Auburn: The free-fall continued for the Tigers in Oxford, where they were blown out 41-20 by a mediocre Ole Miss team. The Rebels blew it open late with 17 fourth-quarter points as they handed Auburn its worst loss in the series since 1951. Among the myriad of problems facing Gene Chizik’s team is an offense that ranks 120th overall, 96th in rushing, 115th in passing and 117th in scoring.  

Washington State: Last week Mike Leach said some of his seniors had an “empty-corpse quality” to them. The Cougars then went out and stumbled zombie-like to a 31-17 home loss to California on Saturday, their fourth consecutive defeat.

Purdue: Once a dark-horse contender for the Big Ten Leaders title, the Boilermakers are reeling after opening the conference schedule with back-to-back home losses by a combined score of 82-27. In those losses to Michigan and Wisconsin the Purdue run defense yielded 235 yards to Denard Robinson and 247 to Montee Ball. 
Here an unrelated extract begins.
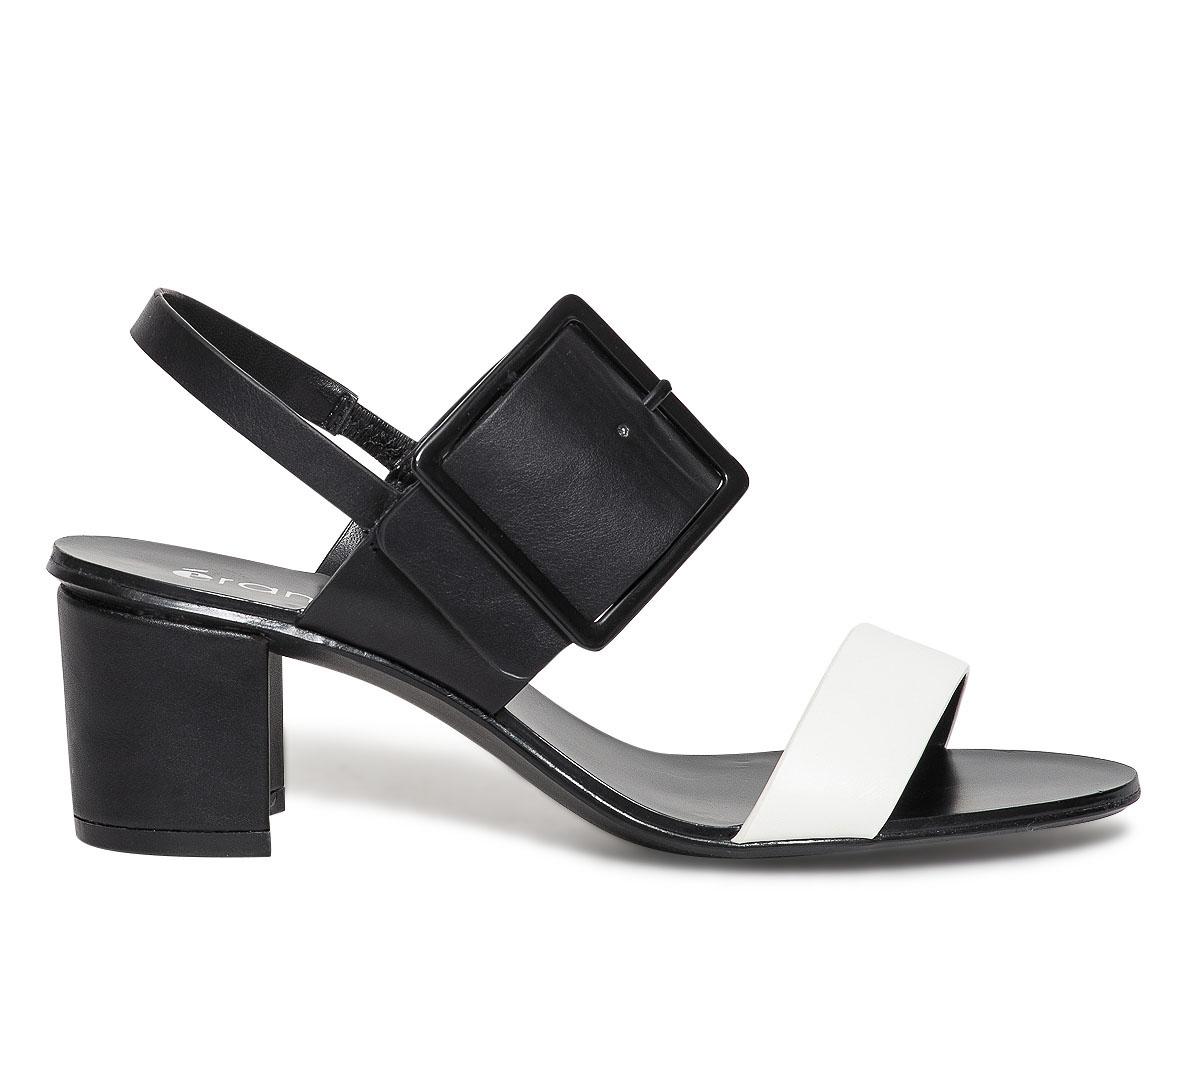 Avec Noire Boucle Sandale Large Eram QosxhCtrdB

San Jose State: Playing at home and with a chance to make an early statement in the WAC race, the Spartans were dismantled by Utah State, 49-27. The Aggies ambushed their hosts with four unanswered touchdowns in a twelve-minute span to take a 28-3 second-quarter lead and were never serious threatened afterward in snapping San Jose’s four-game winning streak.

Next: High noon on Saturday when the Buckeyes host reeling Purdue. Now 3-3 after a 3-1 start, the Boilermakers are an even 100th in the nation in rushing defense; Ohio State is 8th in the nation in total offense.